# tuta/tutina in spagnolo



## argentina84

Ciao! Ho una domanda. Come si dice *"tuta"/ "tuttina"* in spagnolo?

Grazie!


----------



## traduttrice

_*Jogging *_/* equipo */* conjunto*. ¿A qué te referís exactamente?


----------



## Silvia10975

Argentina, ricordati di fornire il contesto. In questo modo non si sa se hai scritto male la parola *tuta* e volevi scrivere *tutta*, oppure hai scritto male (come suppongo) la parola *tuttina* e volevi scrivere *tutina*!
Il contesto è sempre fondamentale se vuoi ottenere risposte esaustive.
Silvia


----------



## hosec

¿La _tuta_ no es el chándal de un deportista o el mono de un mecánico?


----------



## sabrinita85

hosec said:


> ¿La _tuta_ no es el chándal de un deportista o el mono de un mecánico?


Eso, sí!


----------



## argentina84

s10975 said:


> Argentina, ricordati di fornire il contesto. In questo modo non si sa se hai scritto male la parola *tuta* e volevi scrivere *tutta*, oppure hai scritto male (come suppongo) la parola *tuttina* e volevi scrivere *tutina*!
> Il contesto è sempre fondamentale se vuoi ottenere risposte esaustive.
> Silvia


 
¡ Perdón! El contexto es vocabulario relacionado con la ropa (l'abbigliamento)

Grazie!


----------



## Silvia10975

Jeje, muy bien, entonces tuta/tutina 
Silvia


----------



## traduttrice

La _tuta_ la usa un deportista (jogging + campera deportiva) o bien un mecánico como bien dijeron, ese uniforme que se introduce desde abajo hacia arriba y generalmente tiene un cierre en la parte anterior.


----------



## cacarulo

traduttrice said:


> un mecánico como bien dijeron, ese uniforme que se introduce desde abajo hacia arriba y generalmente tiene un cierre en la parte anterior.


Un mameluco.


----------



## Neuromante

Un mono de mecánico.

Mameluco solo lo he oído como tipo de soldado árabe (Creo que es eso, su asepción original) o como el nombre de una murga de carnaval.


----------



## cacarulo

Neuromante said:


> Un mono de mecánico.
> 
> Mameluco solo lo he oído como tipo de soldado árabe (Creo que es eso, su asepción original) o como el nombre de una murga de carnaval.


 
Depende del país.
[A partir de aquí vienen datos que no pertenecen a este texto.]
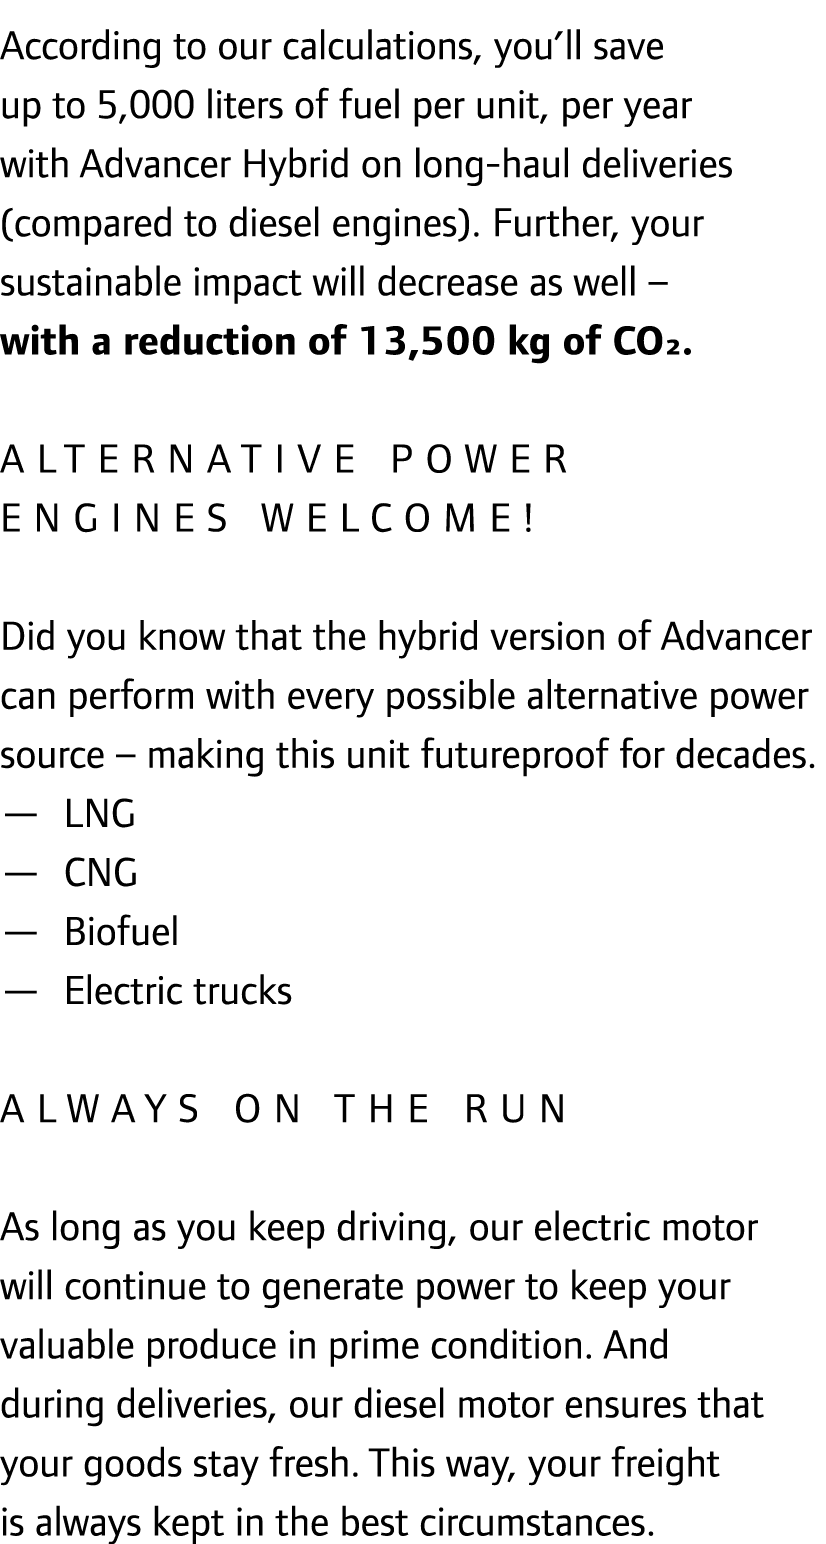 According to our calculations, you’ll save up to 5,000 liters of fuel per unit, per year with Advancer Hybrid on long...

Acá, en la Argentina, nadie conoce la palabra chándal, por ejemplo; y tampoco mono con este sentido.


----------



## gatogab

Tutina podria ser el pijamita de los bebes, llamado "oso", en Chile.
Por lo menos, asi me parece.

http://www.tentazionishop.it/index.php?cPath=32_48



cacarulo said:


> Depende del país. Acá, en la Argentina, nadie conoce la palabra chándal, por ejemplo; y tampoco mono con este sentido.


 
En Chile:
El mameluco azul del mecanico.
El overol que me tenia que poner en el colegio sobre los pantalones y camisa. Precisamente "over all".

gatogab


----------



## karunavera

Pienso que es preciso hacer una distincion. Tutina, por lo menos por estos lares, es siempre una prenda de niños y nunca otra cosa. La tuta, en cambio, puede ser, la prenda que se usa para hacer footing, jogging,gimnasia o puede ser esa prenda que se ponen los obreros en la fabrica, los mecanicos,ecc.


----------



## gatogab

Se suele decir aca en Italia, "sono in tuta", por decir "estoy en pijama.

gatogab


----------



## karunavera

gatogab said:


> Se suele decir aca en Italia, "sono in tuta", por decir "estoy en pijama.
> 
> gatogab


 
Aquì no, si llevo pijama digo que sto in pigiama y si llevo tuta digo que sono in tuta!


----------



## gatogab

karunavera said:


> Aquì no, si llevo pijama digo que sto in pigiama y si llevo tuta digo que sono in tuta!


 

si, pero.......http://www.tentazionishop.it/product_info.php?products_id=55


----------



## karunavera

Perdona, te puedo parecer engreida pero lo que me mostraste es un_ pijama *que se parece a* una tuta, *ma sempre pigiama resta*._ Son dos cosas distintas.
Mi perdoni la presunzione?
Saluti dalla fin troppo calda Napoli!!


----------



## gatogab

karunavera said:


> Perdona, te puedo parecer engreida pero lo que me mostraste es un_ pijama *que se parece a* una tuta, *ma sempre pigiama resta*._ Son dos cosas distintas.
> Mi perdoni la presunzione?
> Saluti dalla fin troppo calda Napoli!!


 
Ciò di "engreida" è un vissuto tuo, perche quà nel Salento sei arrivata con stile e garbo.
Cocciutto come sono, resto del mio parere. Sarà perche in questa Litoranea Salentina ci esprimiamo diversamente, Chi lo sà.
Saluti dalla primaverile Salento.
gatogab):


----------